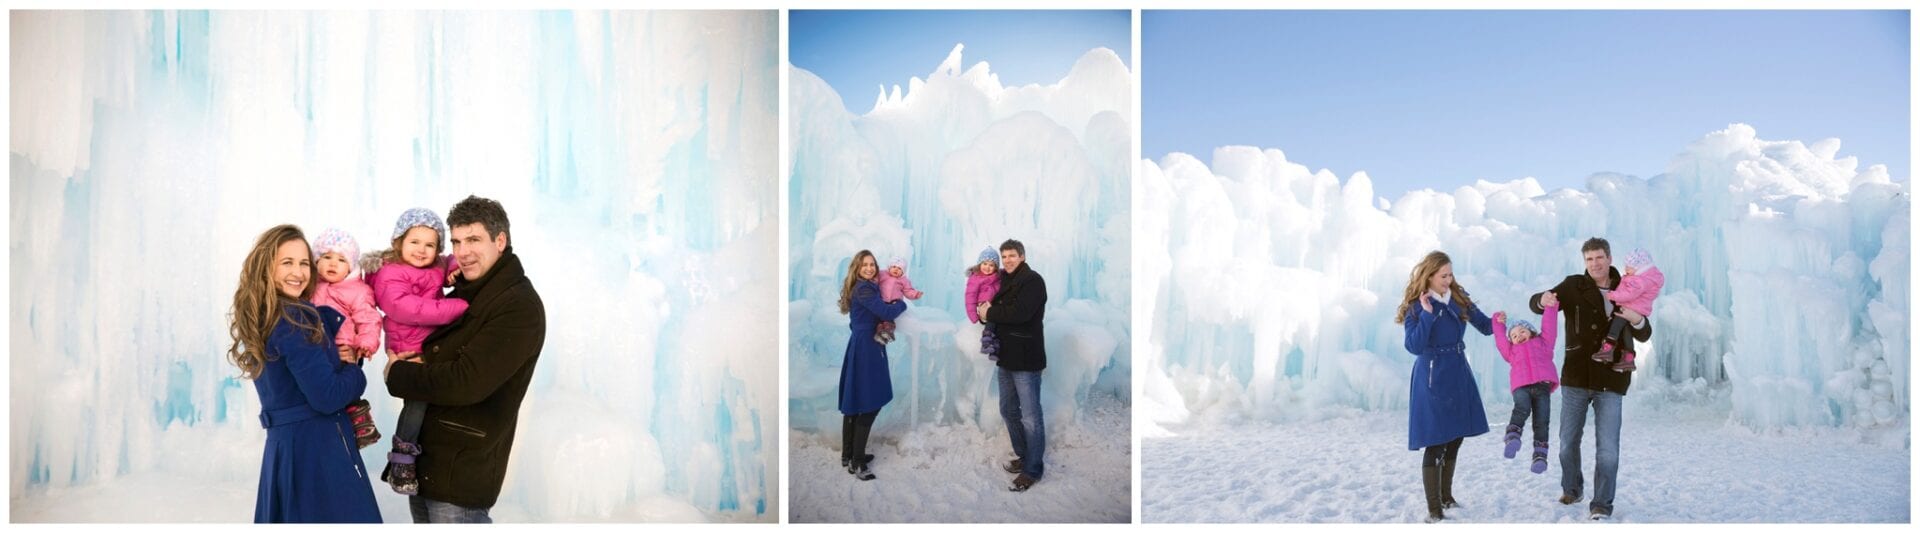 Edmonton Winter Family Outdoor Portrait Photography at the Ice Castles
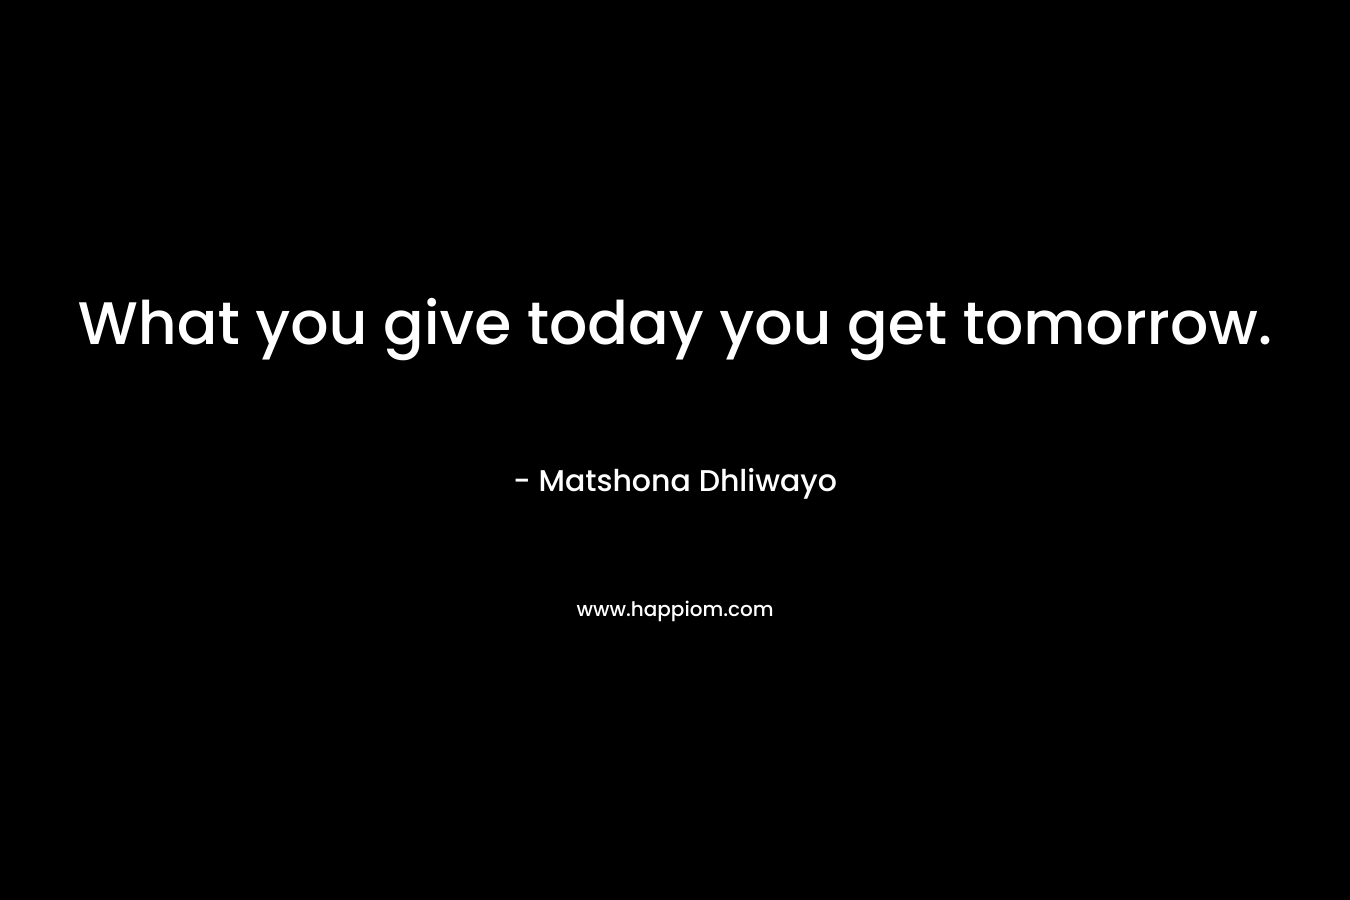 What you give today you get tomorrow.
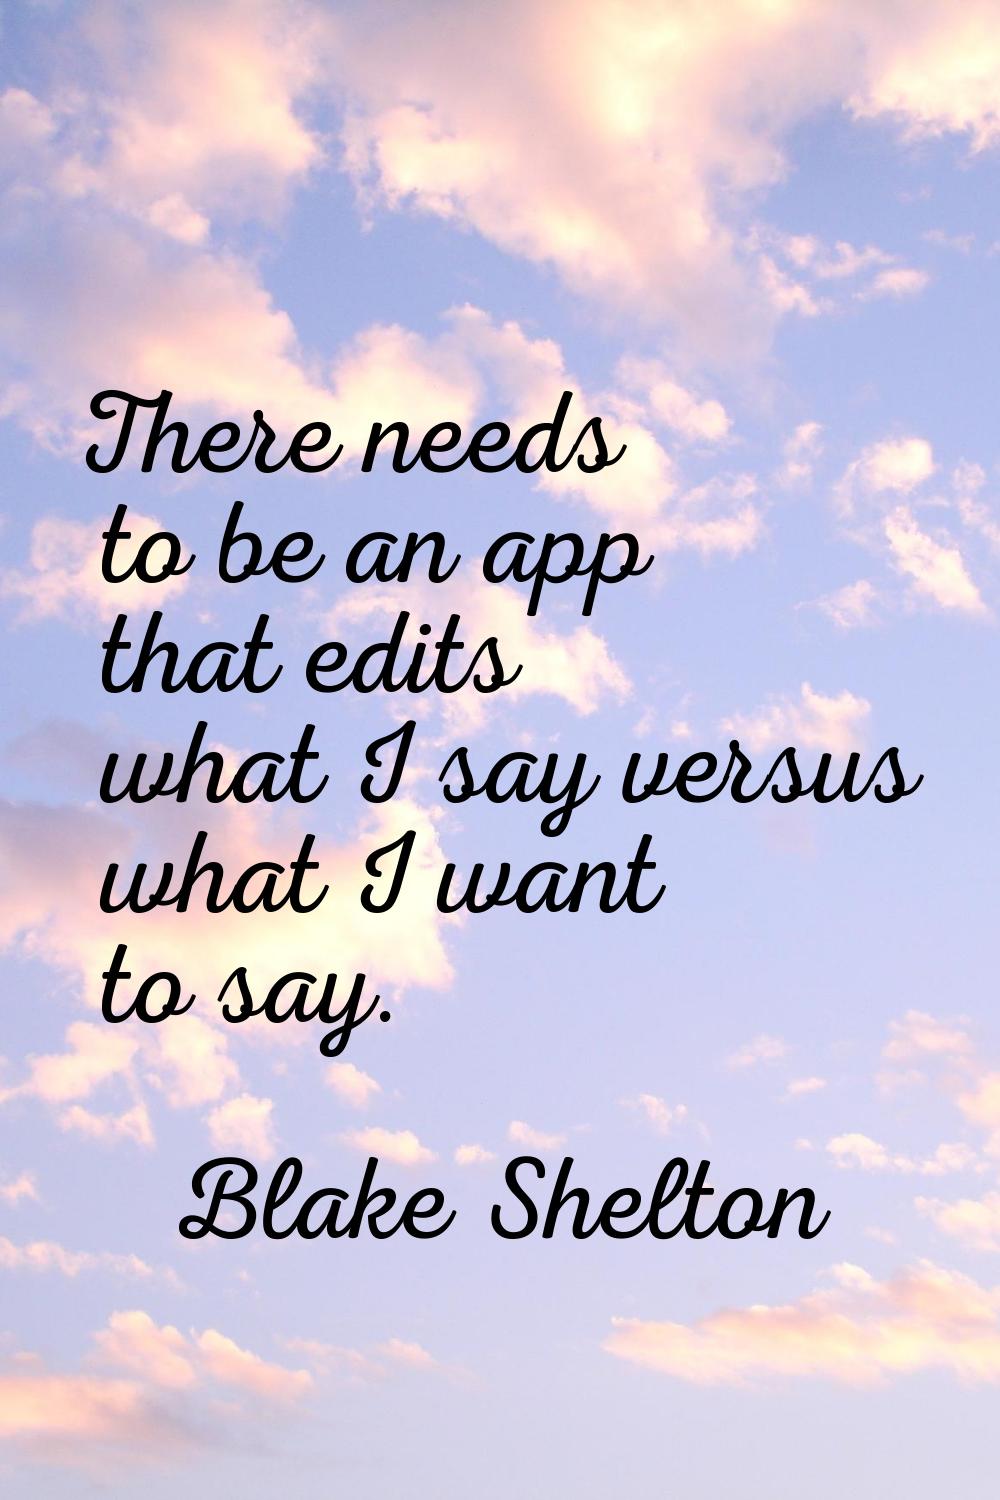 There needs to be an app that edits what I say versus what I want to say.

::::

→ **What is being asked**
Your answer must be only the lines from the one that holds "What you give today you get tomorrow." to the end of the listing, each restated word for word, with both ends kept and pictures left out.

→ **Output below**
 What you give today you get tomorrow.
 There needs to be an app that edits what I say versus what I want to say.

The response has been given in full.